It seems the number of threads is changing the long-range exchange component of the energy for range-separated hybrids an unusual amount… giving me errors upwards of 10^-6 Hartree, which is actually important for what I’m doing. All other components seem to be fine…
My input file:
C 0.000000000000 -1.391500000000 -1.316799235698
C 1.205074349366 -0.695750000000 -1.316799235698
C 1.205074349366 0.695750000000 -1.316799235698
C -0.000000000000 1.391500000000 -1.316799235698
C -1.205074349366 0.695750000000 -1.316799235698
C -1.205074349366 -0.695750000000 -1.316799235698
H 0.000000000000 -2.471500000000 -1.316799235698
H 2.140381785453 -1.235750000000 -1.316799235698
H 2.140381785453 1.235750000000 -1.316799235698
H -0.000000000000 2.471500000000 -1.316799235698
H -2.140381785453 1.235750000000 -1.316799235698
H -2.140381785453 -1.235750000000 -1.316799235698
F 0.000000000000 -0.000000000000 5.183200764302
H 0.000000000000 -0.000000000000 4.266242764302
1 thread Total energy: -332.7077928354452183
4 thread Total energy: -332.7077887193119636
I also added print statements to libscf_solver/rhf.cc lines 320 and 325 to print the exchange energy before and after the range separated part. The error is ~10^-9 in the first part and ~10^-6 in the second
Can you try again, but with the e_convergence set tighter? 1e-8 at least, but you should be able to converge even tighter. Psi can only check that subsequent iterations are within your energy threshold of each other, not that you’re within 1e-8 of the true answer. In some cases, that can lead to answers that are both “converged” to within the same threshold but differ by a small factor larger than the threshold. That may be all you’re saying.
Using 1.4a2 please verify you using the mem/disk algorithms by looking at the output and provide the values of both algorithms on 1/4 cores. This is sounding like something that does not originate from the JK part of the code.
I printed out the J, K, and wK elements with SCF Algorithm Type MEM_DF.
Not sure if this means anything… but wK has the highest difference between threads despite being the smallest component. I’m not even sure how threading would be affecting individual elements. (EDIT: that’s probably just from the difference in the converged SCF density matrix)

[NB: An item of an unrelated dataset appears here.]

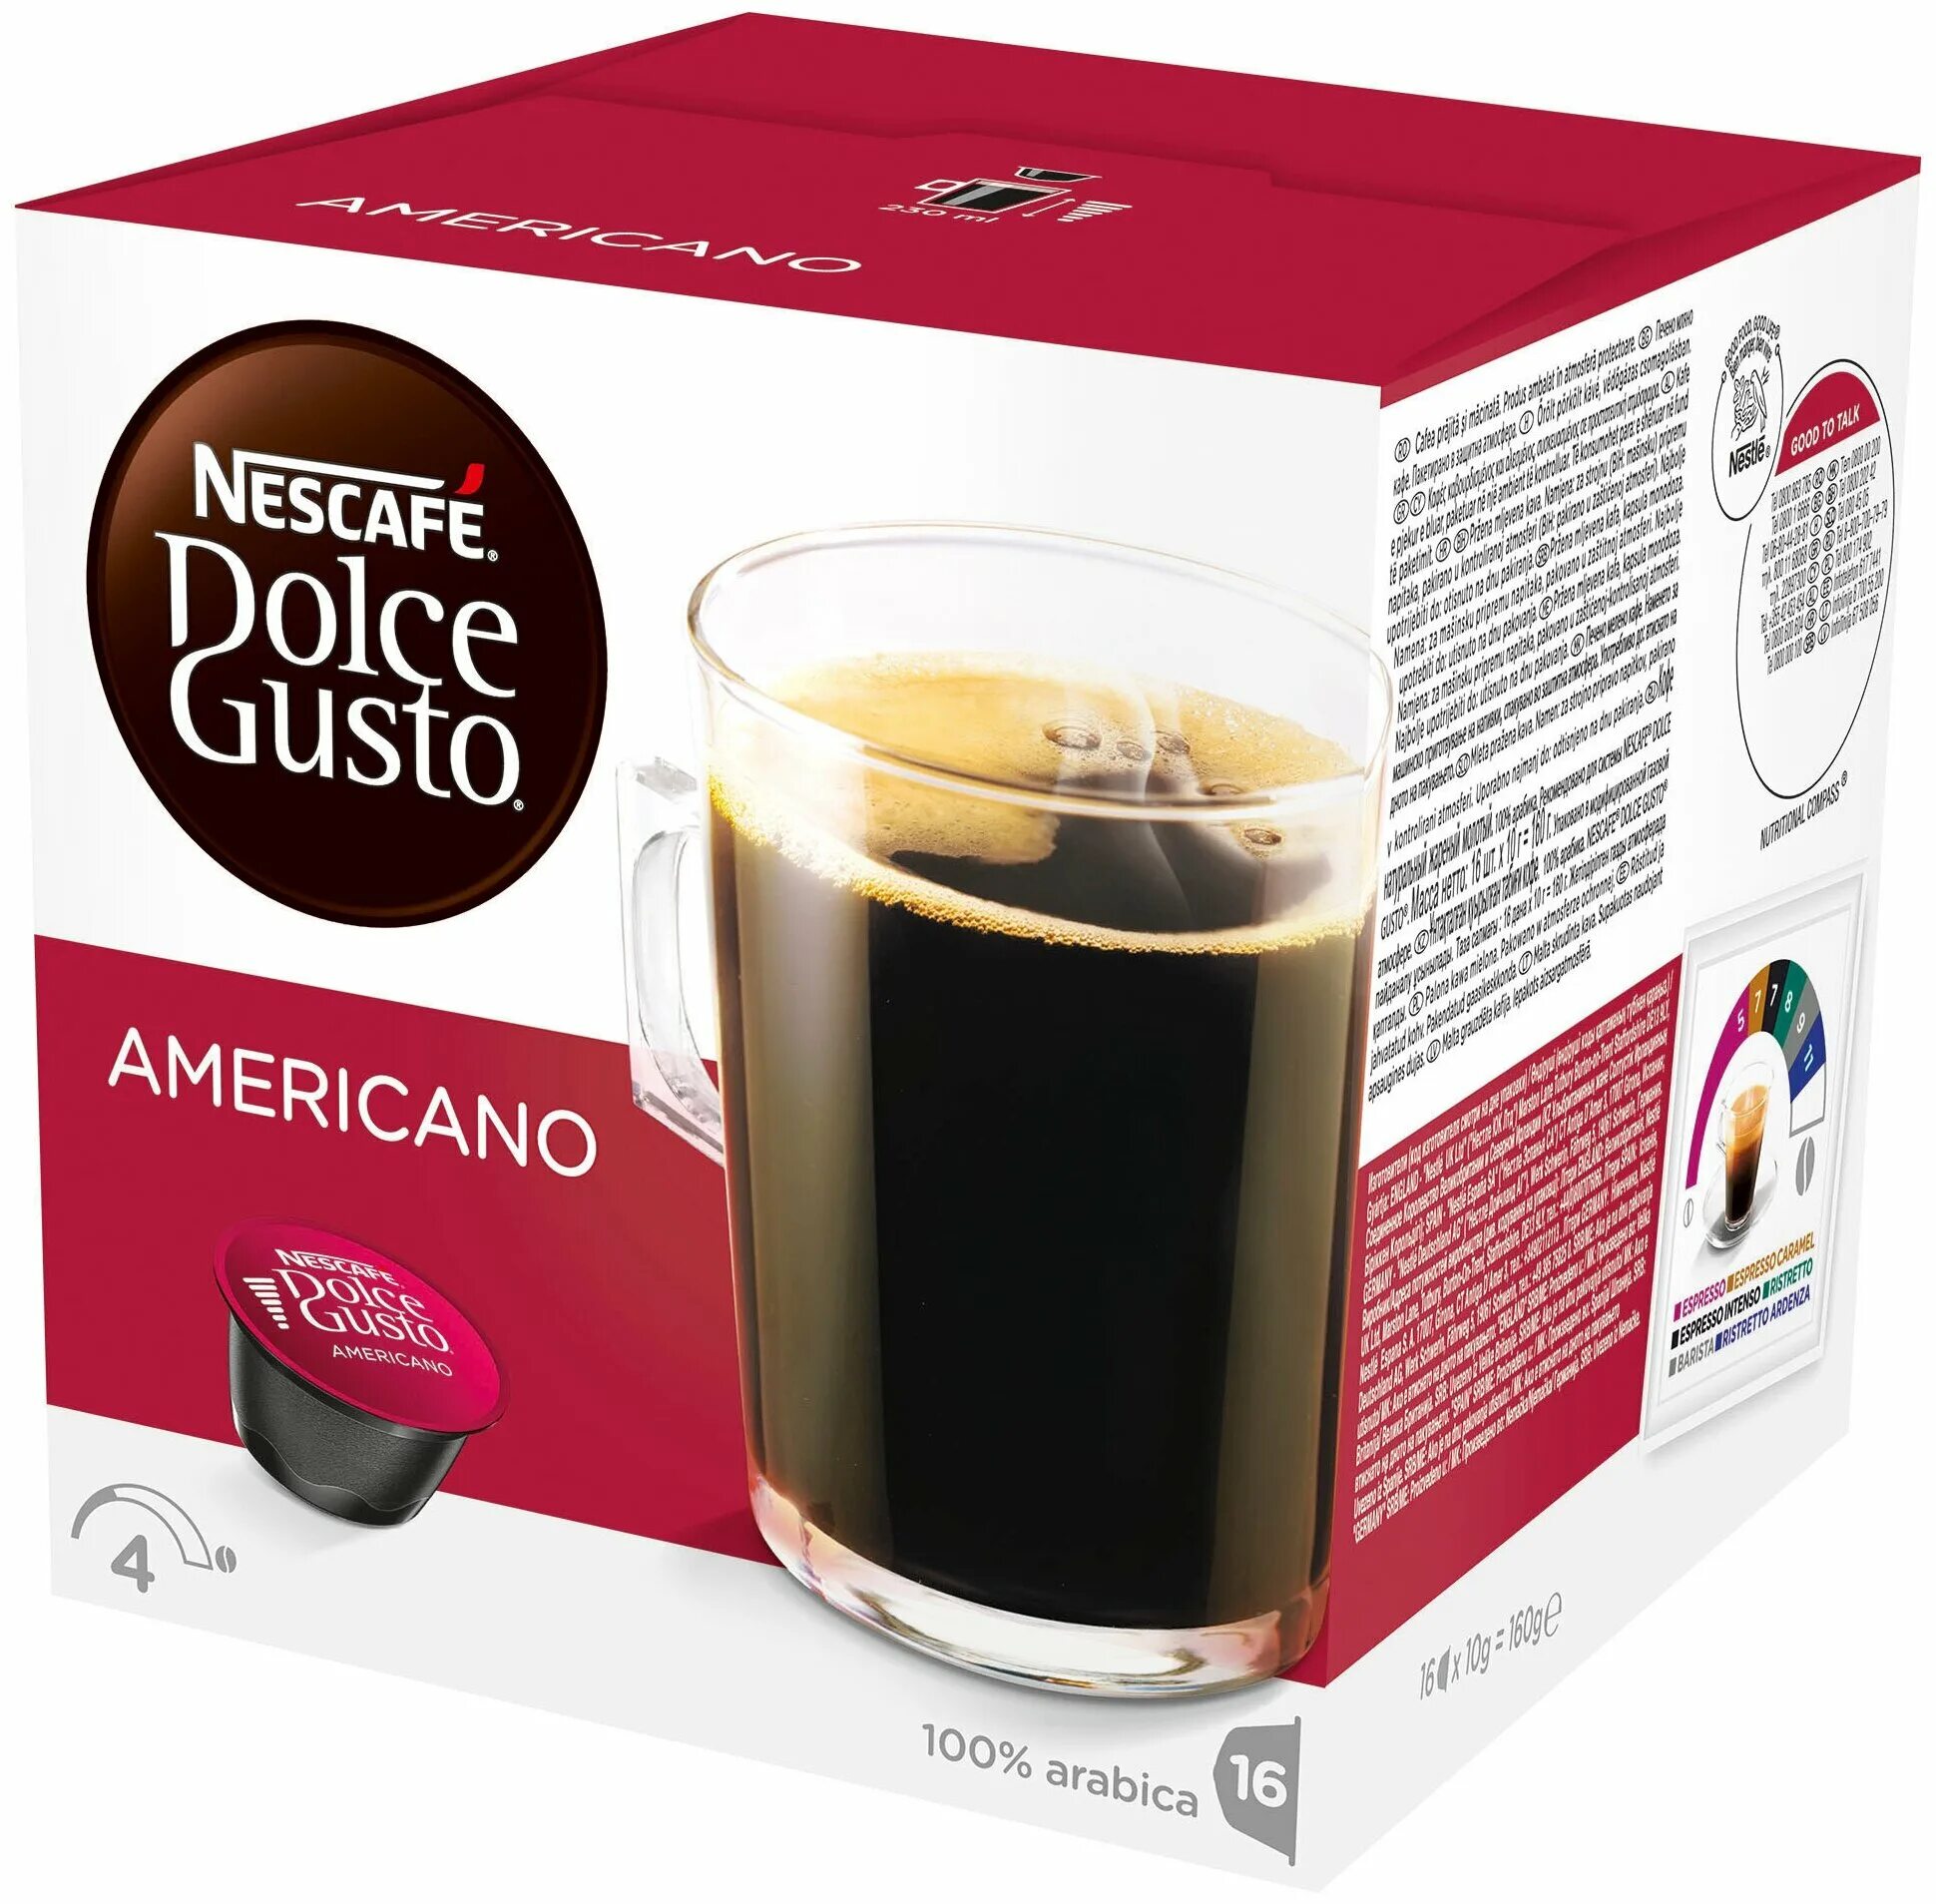 Купить кофе в капсулах для кофемашины. Дольче густо американо капсулы. Nescafe Dolce gusto капсулы americano. Dolce gusto капсулы американо. Кофе в капсулах Nescafe Dolce gusto americano (16 капс.).
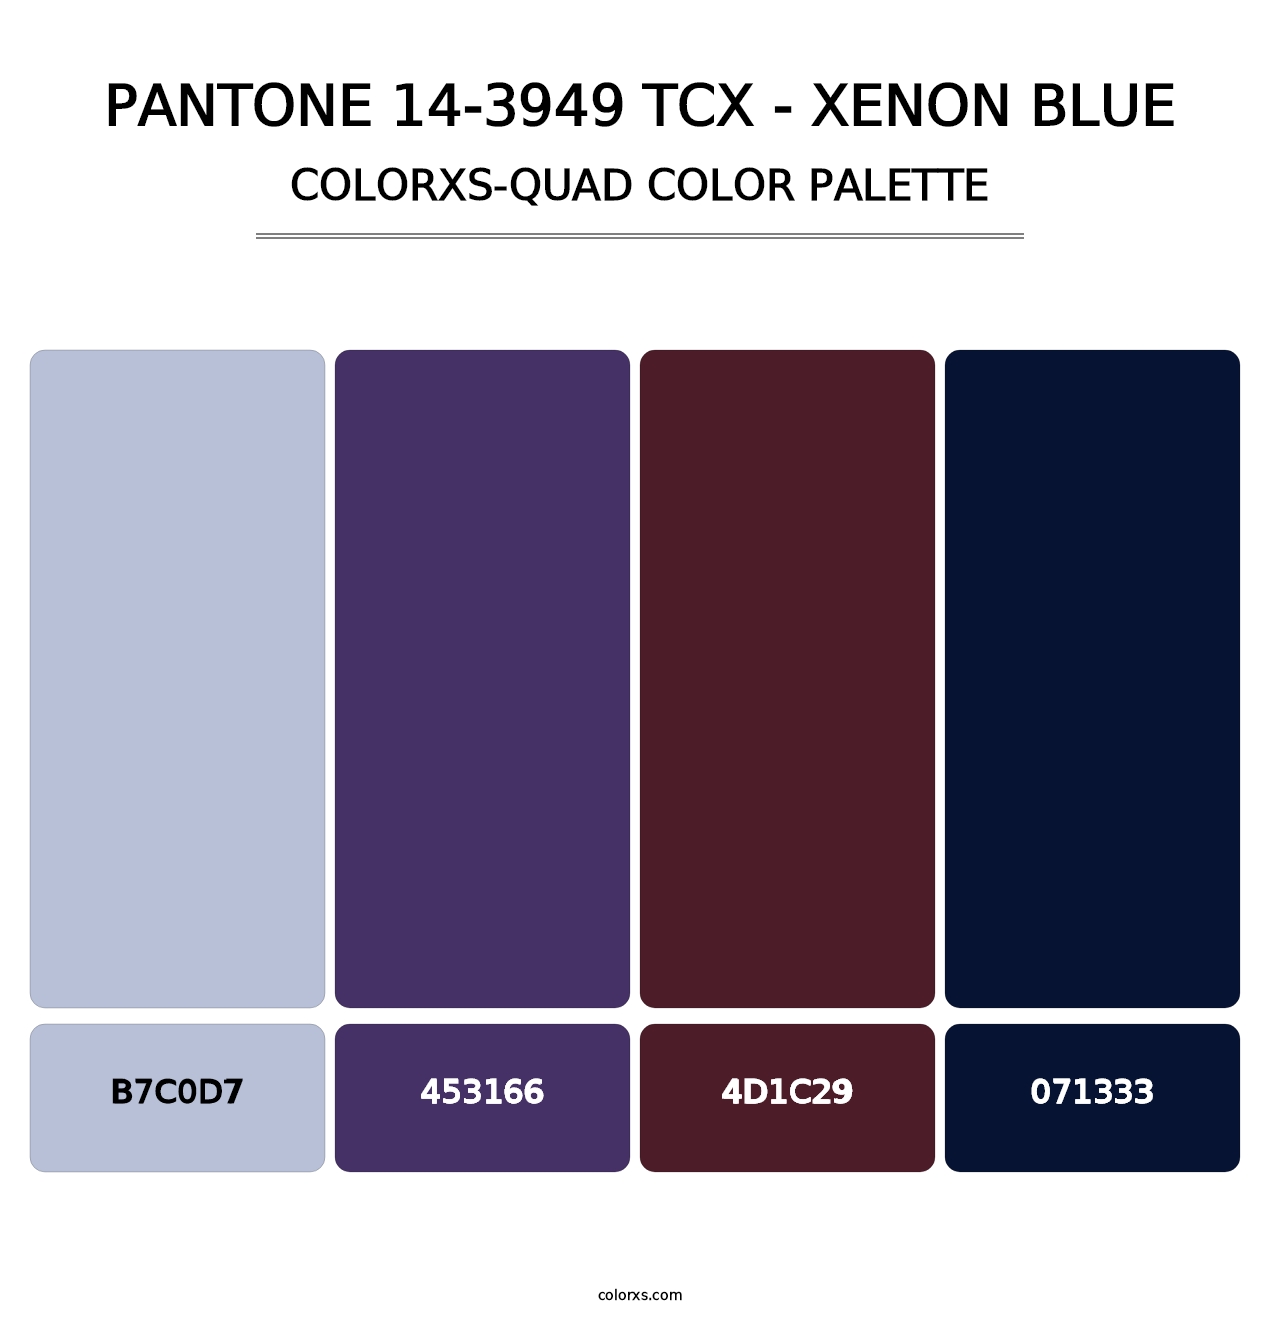 PANTONE 14-3949 TCX - Xenon Blue - Colorxs Quad Palette

I mean looking at the JK output file headers to ensure Mem/Disk is actually being used. The actual matrix elements will vary by a bit and are not too useful to compare. I’m not sure how to debug this well, does this happen for a non VV10 functional and a GGA?
To rule some things out, after a computation can you take the density matrix and do a Psi4NumPy style computation the wK energy and compare it against the JK engines? Also, please move this to a Psi4 issue.